RISARCIMENTO DEL DANNO: IL DANNO DA “NASCITA INDESIDERATA”
Il Tribunale di Latina, con sentenza n. 2275/2023, uniformandosi alla giurisprudenza della Cassazione, ha affermato che l’ipotesi della nascita indesiderata ricorre quando, a causa del mancato rilievo da parte dei medici dell'esistenza di malformazioni congenite del feto, la donna perde la possibilità di abortire.

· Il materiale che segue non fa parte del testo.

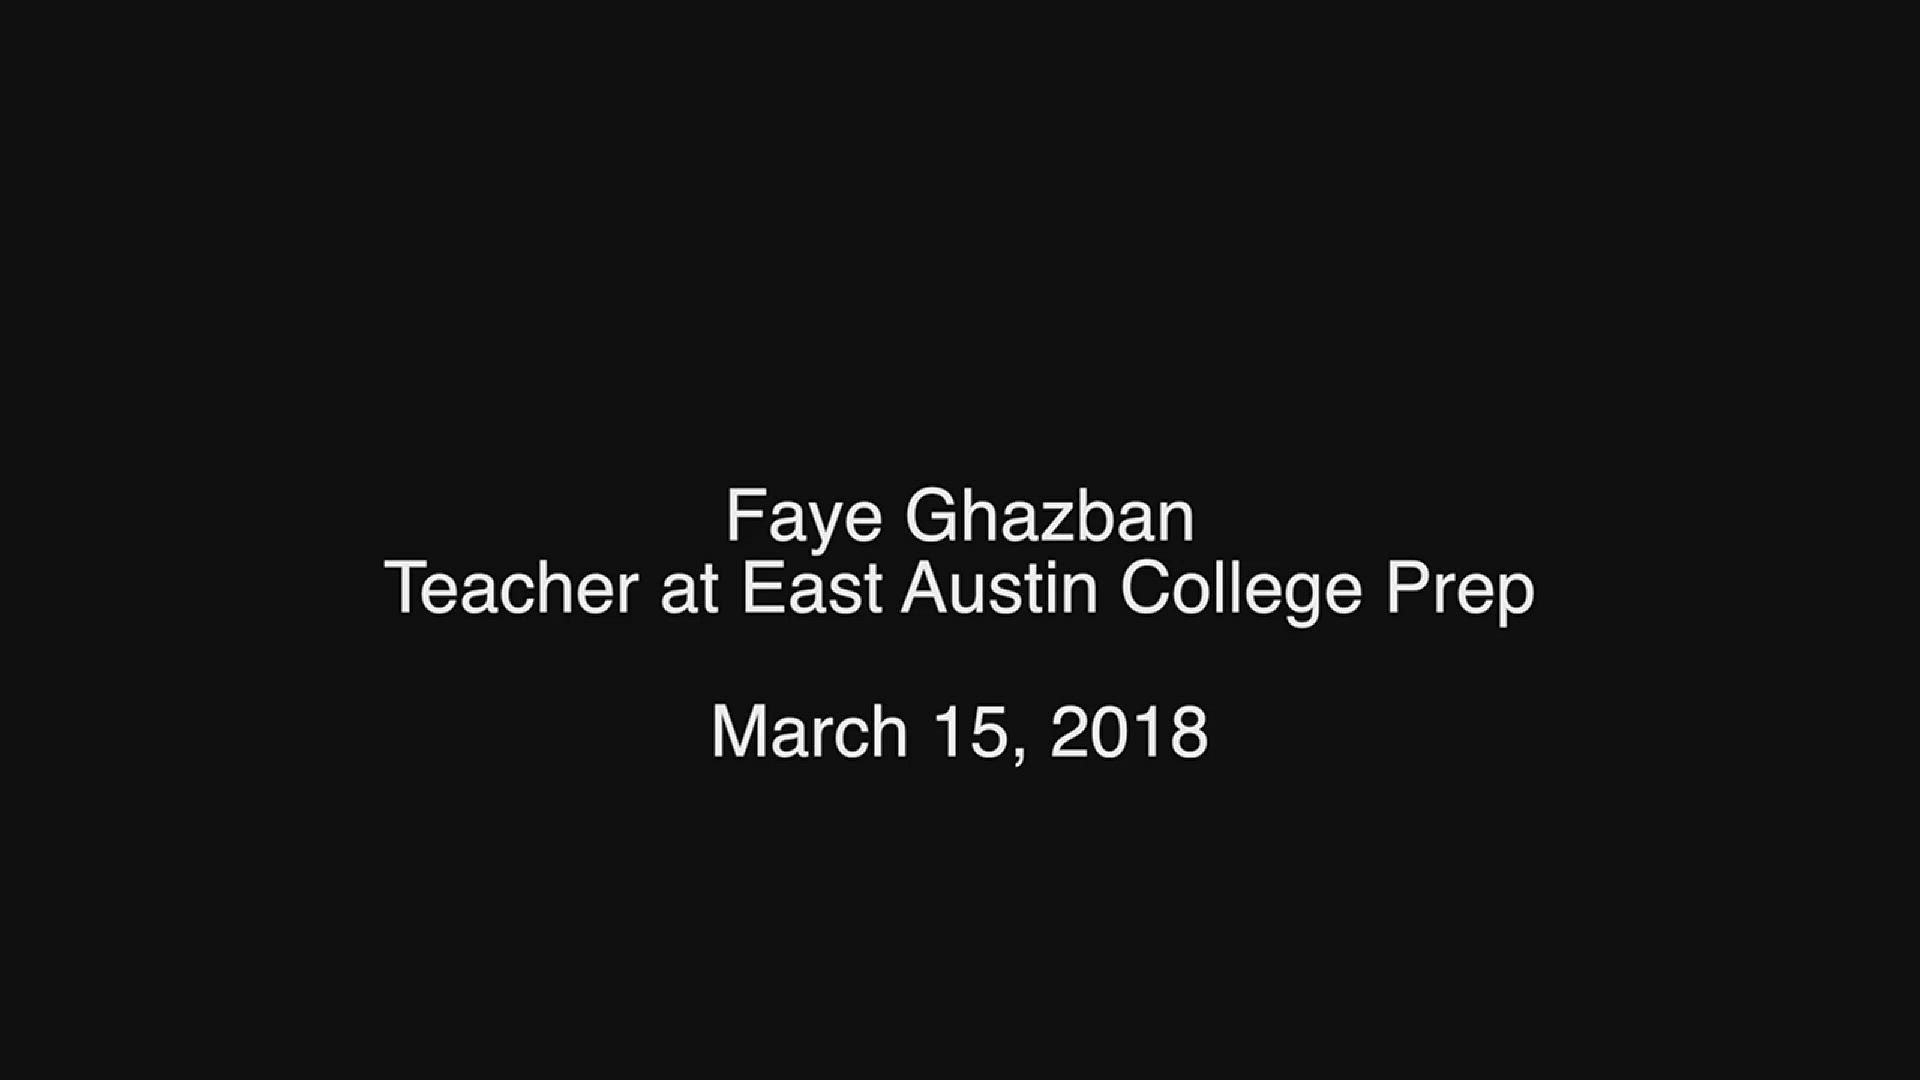 Faye Ghazban talks about her thoughts and memories with Draylen Mason.

In tali ipotesi, il diritto del quale si chiede tutela è quindi quello al risarcimento dal danno da privazione della facoltà di esercitare una consapevole scelta se effettuare, o meno, un aborto.
Il Giudice di merito sulla base delle circostanze allegate e delle prove fornite deve prendere in considerazione i tre elementi previsti dalla legge: rilevanza delle malformazioni; grave pericolo per la salute fisica o psichica della madre; volontà espressa o presunta di abortire.
Si tratterà quindi, in sostanza, di stabilire se con la notizia della malformazione del feto sarebbe, o meno, insorto uno stato depressivo suscettibile di essere qualificato come grave pericolo per la salute (fisica o) psichica della donna, con l'avvertenza che la circostanza che esso si sia, o non si sia, in concreto verificato dopo la nascita del bambino malformato non può essere considerata sintomaticamente determinante, giacché quella valutazione va fatta in relazione all'epoca in cui il medico omise la corretta informazione.
Va poi rammentato che il risarcimento del danno per il mancato esercizio del diritto all'interruzione della gravidanza non consegue automaticamente all'inadempimento dell'obbligo di esatta informazione che il sanitario era tenuto ad adempiere in ordine alle possibili anomalie, o malformazioni, del nascituro, ma, come detto, necessita anche della prova della sussistenza delle condizioni previste dagli artt. 6 e 7, L. n. 194/1978 per ricorrere all'interruzione di gravidanza nonché dalla prova, a carico della gestante, che qualora fosse stata informata dagli operatori sanitari circa la presenza di anomalie fetali, ella avrebbe optato per la volontaria interruzione della gravidanza.
Ed invero, la Suprema Corte ha sottolineato come la prova sia qui costituita da un fatto complesso: la rilevante anomalia del nascituro, l'omessa informazione da parte del medico della possibilità di ulteriori e più complessi accertamenti diagnostici, il grave pericolo per la salute psicofisica della donna, ma - soprattutto - la prova della scelta abortiva di quest'ultima e, cioè, la convincente dimostrazione che ella, ove adeguatamente informata circa la presenza di anomalie fetali, avrebbe esercitato il proprio diritto di scelta in favore della pratica dell'interruzione volontaria di gravidanza gravando sul medico la prova contraria, che la donna non si sarebbe determinata all'aborto per qualsivoglia ragione personale.
Inoltre, In caso di “nascita indesiderata” il risarcimento danni spetta non solo alla madre, ma anche al padre, atteso il complesso di diritti e doveri che, secondo l'ordinamento, si incentrano sul fatto della procreazione, non rilevando, in contrario, che sia consentito solo alla madre (e non al padre) la scelta in ordine all'interruzione della gravidanza.